# Liability Insurance.....



## Chef Isaac (Jul 26, 2004)

Whos got it for their bee business? Any suggestions? Or if you could do it over again, would you take a different approach?


----------



## Jeffzhear (Dec 2, 2006)

Farm Family Casualty Insurance Company is who I have mine through. The Special Farm Package is the policy type.


----------



## Chef Isaac (Jul 26, 2004)

I know this will very but what abouts do you pay for it?


----------



## dp (Jun 30, 2003)

Here is one answer to your question. I purchased my product liabality insurance last month from The Hartford. The cost is $350 per year. The coverage is 1 million if some one gets injured at your business and 2 million in product liabality. Any less coverage amount will still cost $350. This is cheap compared to local companies wanting to charge me $650. If interested call Jerry Cantu at 1-800-447-7649 Ext. 4355.


----------



## Michael Palmer (Dec 29, 2006)

Chef Isaac said:


> I know this will very but what abouts do you pay for it?

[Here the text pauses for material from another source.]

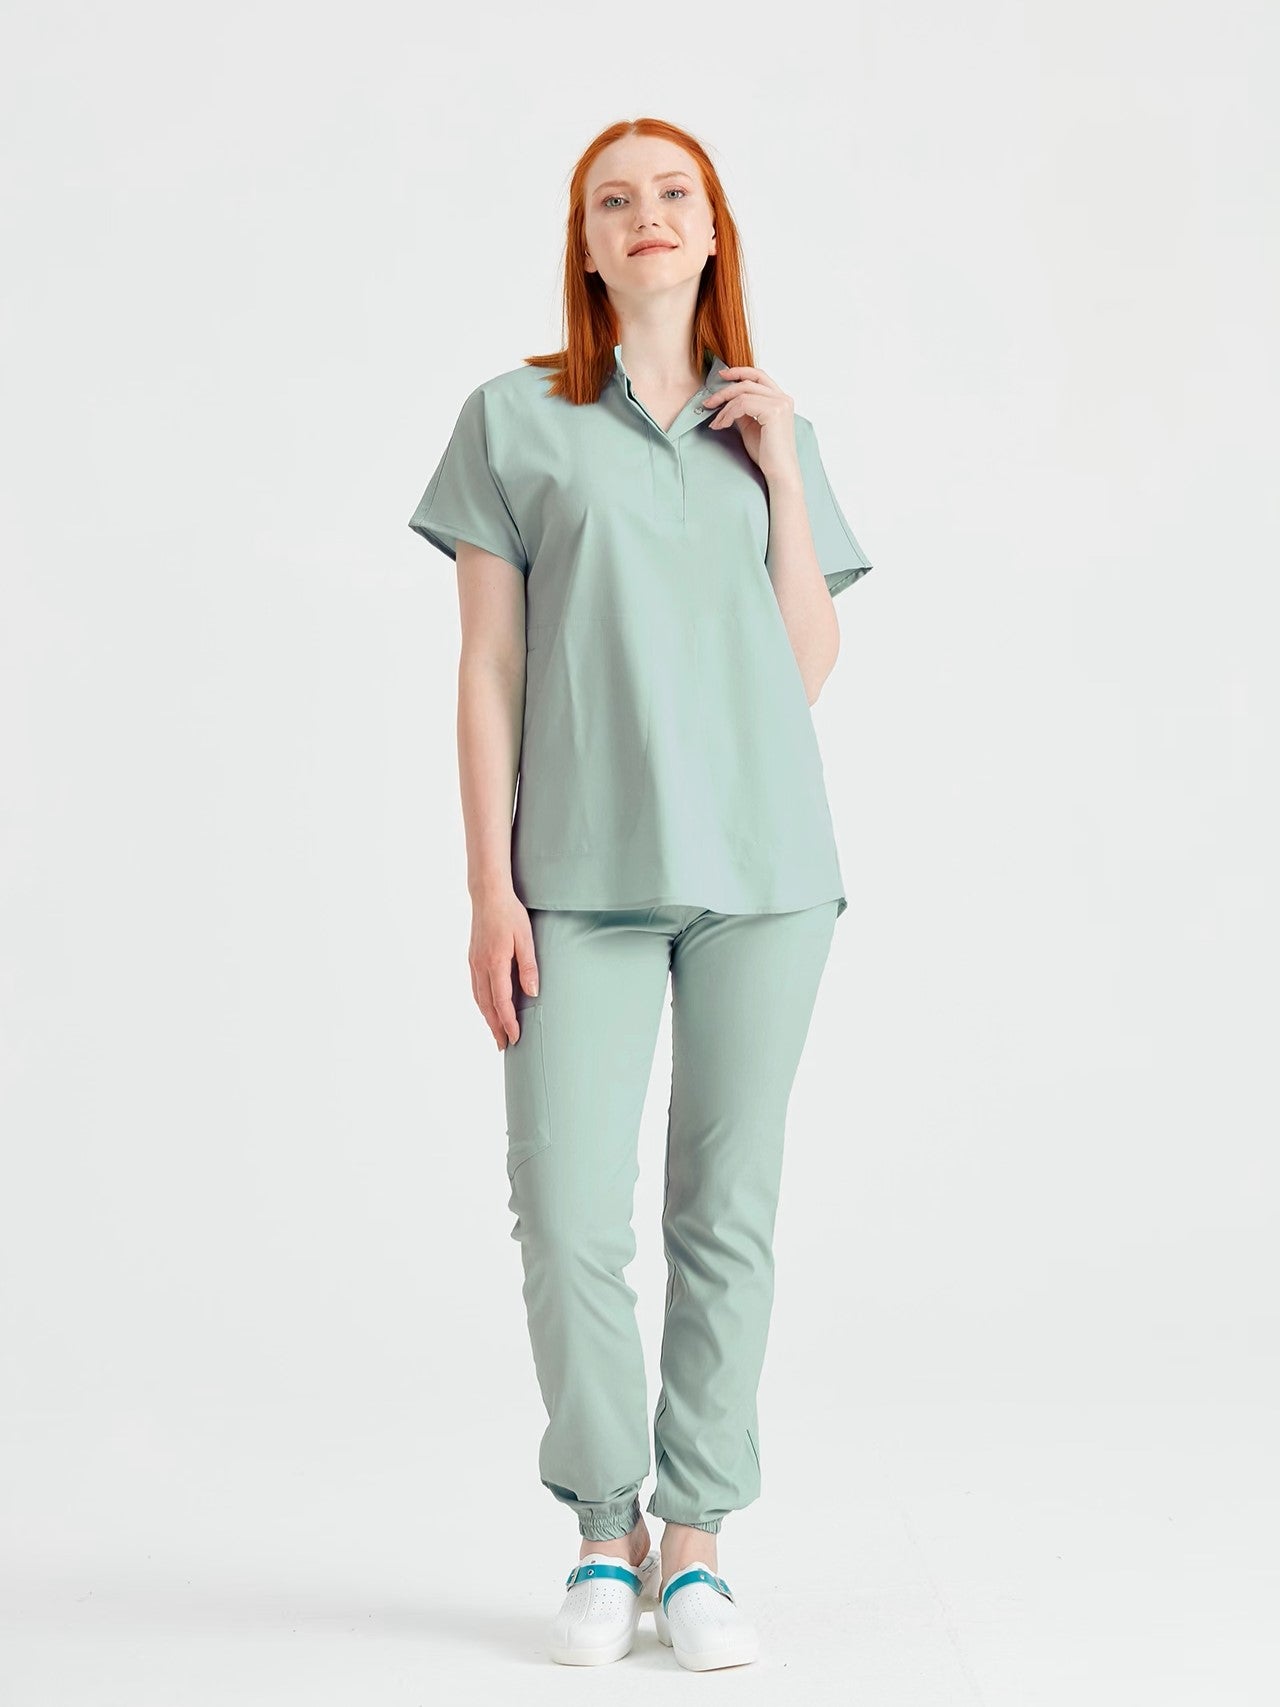 Asistenta medicala imbracata in costum medical de dama verde fistic, vedere din profil

What do you want to cover? You can discuss this with your agent, and decide on a package.

I have a farm policy. Covers my house, and outbuildings (honey house) for fire, liability, etc that any homeowners policy would cover. Also covered are my beehives in the field...vandalism and theft and liability. It includes all my honey house equipment, and supers, etc in storage. Covers all the honey I have stored in my HH. I graduated this throughout the year, as sometimes I have 30,000 lbs on hand, and sometimes I have 100,000. I also have product liability. My truck and skidsteer are covered if they burn up in the honey house.

One recommendation. Make sure you have enough coverage for replacement costs if your building burns. Replacement costs will shock you, and you better re-evaluate your coverage from time to time. For example...my house is valued at around 250,000, most of which I built myself. But, replacement cost is over 400,000. Same with the honey house. I built and equipped it for around 100,000, but replacement cost would be a good deal more. My friend's HH burned a couple years ago, and he was way under insured. I think he got around 50,000, but the extracting line was worth more than 25,000, and the building was way more than that.


----------



## Dan Williamson (Apr 6, 2004)

I also have a farm policy. Covers my home, buildings, equipment etc. I needed to separate the Bee business with an LLC to limit liability because of some other investments etc... So I have a special rider for the LLC. I have $1mil liability for each. 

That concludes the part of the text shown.